# 2005 altima throttle position sensor



## edster9244 (Jun 30, 2010)

my wifes car showed service engine soon light after she started it,it would not respond when pressing the acc. pedal. started later and it seemed fine,took it to the dealer and they said the computer showed tps sensor but could not duplicate the problem charged me ninety bucks and said to bring it back if it happened again.any ideas?


----------



## rogoman (Dec 16, 2004)

The TPS is part of the Electric Throttle Control Actuator assembly which is mounted on the throttle valve. When there's a malfuntion, car will run in what's called "Fail-Safe" mode; any response to the gas pedal will be extremely slow. In the majority of cases, bad ground connections are the problem. In your case, an intermittent condition could be a loose ground.


----------



## 06nismofrontier (Sep 22, 2010)

*06 frontier (transmission fail safe mode)!!*

I just started having probs with my tranny on my frontier first thing tht happend was when i went to start the truck it was very sluggish to start like the battery didnt have enough charge finally got it started and drove home from 180 trip i had taken during the drive i was about 30m away from my home town and i felt a jerk in the transmission. After i felt the jerk i started babying the truck the rest of the way home. Got 5 miles away pulled off the interstate and the truck was stuck in 4th gear long story short i freaked took the truck to a dealership and the techs there told me that the turbine sensor within the valve body on the trans. was bad and i had to order the entire valve body mind you ($972) so i had no other choice to order it. Well today i get a call from the dealer telling me the trans. is pretty much (FRIED) and all they done was a fluid test to see if there was particles within the fluid so i freak to say the least later on this evening im thinking about the elec. controlled trans. and the battery sends voltage to the trans.computer which tells the tranny to shift at certain rpm's come to find out the trans went into fail safe mode because the battery would not hold a charge found this out by searching (will a low battery cause transmission trouble) so dont always listen to what the SERVICE TECHS say there paycheck is made up from what you pay to have your vehicle serviced.....sincerly no dis to all SERVICE TECHS


----------



## smj999smj (Jan 1, 2006)

edster9244 said:


> my wifes car showed service engine soon light after she started it,it would not respond when pressing the acc. pedal. started later and it seemed fine,took it to the dealer and they said the computer showed tps sensor but could not duplicate the problem charged me ninety bucks and said to bring it back if it happened again.any ideas?
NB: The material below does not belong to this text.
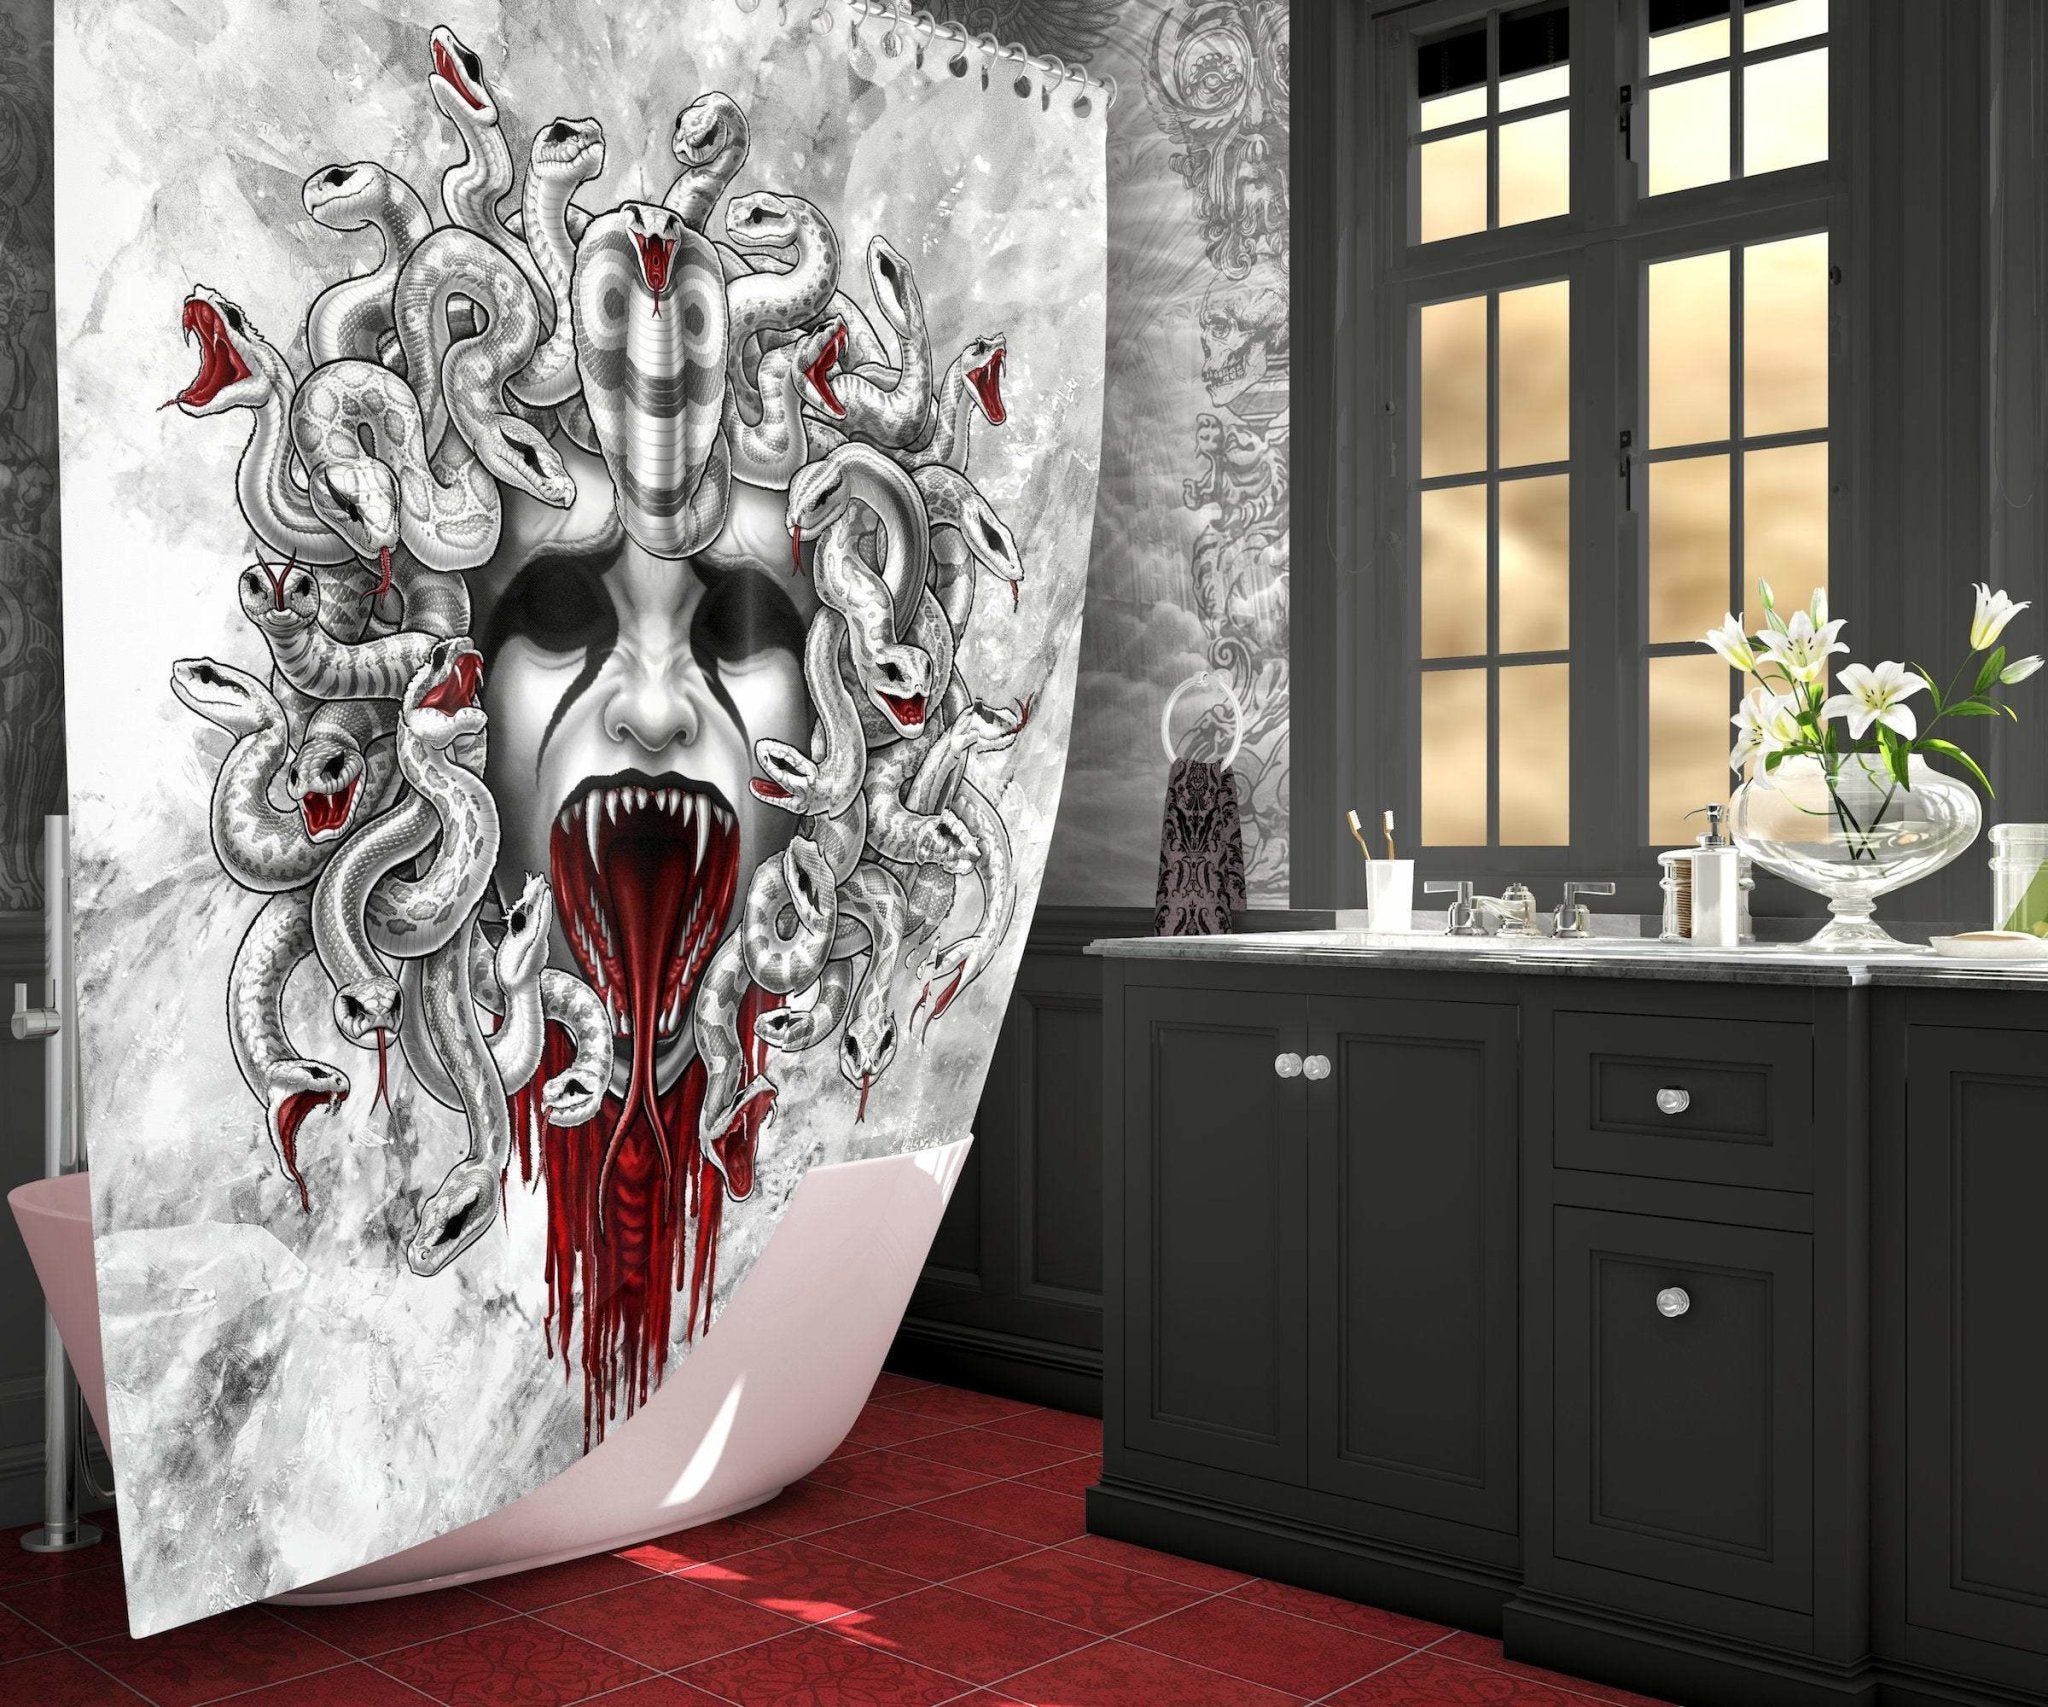 White Goth Shower Curtain, Halloween, Gothic Bathroom Decor - Screaming Medusa & Skull, White Snakes - Abysm Internal

My feeling has always been if they can't find anything wrong, they shouldn't charge you anything...but maybe that's just me...


----------



## smj999smj (Jan 1, 2006)

06nismofrontier said:


> I just started having probs with my tranny on my frontier first thing tht happend was when i went to start the truck it was very sluggish to start like the battery didnt have enough charge finally got it started and drove home from 180 trip i had taken during the drive i was about 30m away from my home town and i felt a jerk in the transmission. After i felt the jerk i started babying the truck the rest of the way home. Got 5 miles away pulled off the interstate and the truck was stuck in 4th gear long story short i freaked took the truck to a dealership and the techs there told me that the turbine sensor within the valve body on the trans. was bad and i had to order the entire valve body mind you ($972) so i had no other choice to order it. Well today i get a call from the dealer telling me the trans. is pretty much (FRIED) and all they done was a fluid test to see if there was particles within the fluid so i freak to say the least later on this evening im thinking about the elec. controlled trans. and the battery sends voltage to the trans.computer which tells the tranny to shift at certain rpm's come to find out the trans went into fail safe mode because the battery would not hold a charge found this out by searching (will a low battery cause transmission trouble) so dont always listen to what the SERVICE TECHS say there paycheck is made up from what you pay to have your vehicle serviced.....sincerly no dis to all SERVICE TECHS


Well, I don't know why you put this in the Altima section rather than the Frontier section, but you're right. Charging system failure can cause a lot of problems on today's vehicles. If you mentioned the starting problems you had to them, the first thing they should have done is checked the battery and charging system, correct as necessary, erase any stored codes and road test the vehicle to check for any more potential problems. Service shops, be it a dealership or independant shop, are only as good as the tech that works on your car. I was a Nissan Master Tech and spent 16 years in Nissan service departments. There were some very good techs, but there were also some I wouldn't let anywhere near my vehicle!


----------



## reinaldo (Sep 30, 2010)

*2005 altima*

As I can see the instruction given to you is correct. I hope you resolve the issue.
________
Reinaldo


----------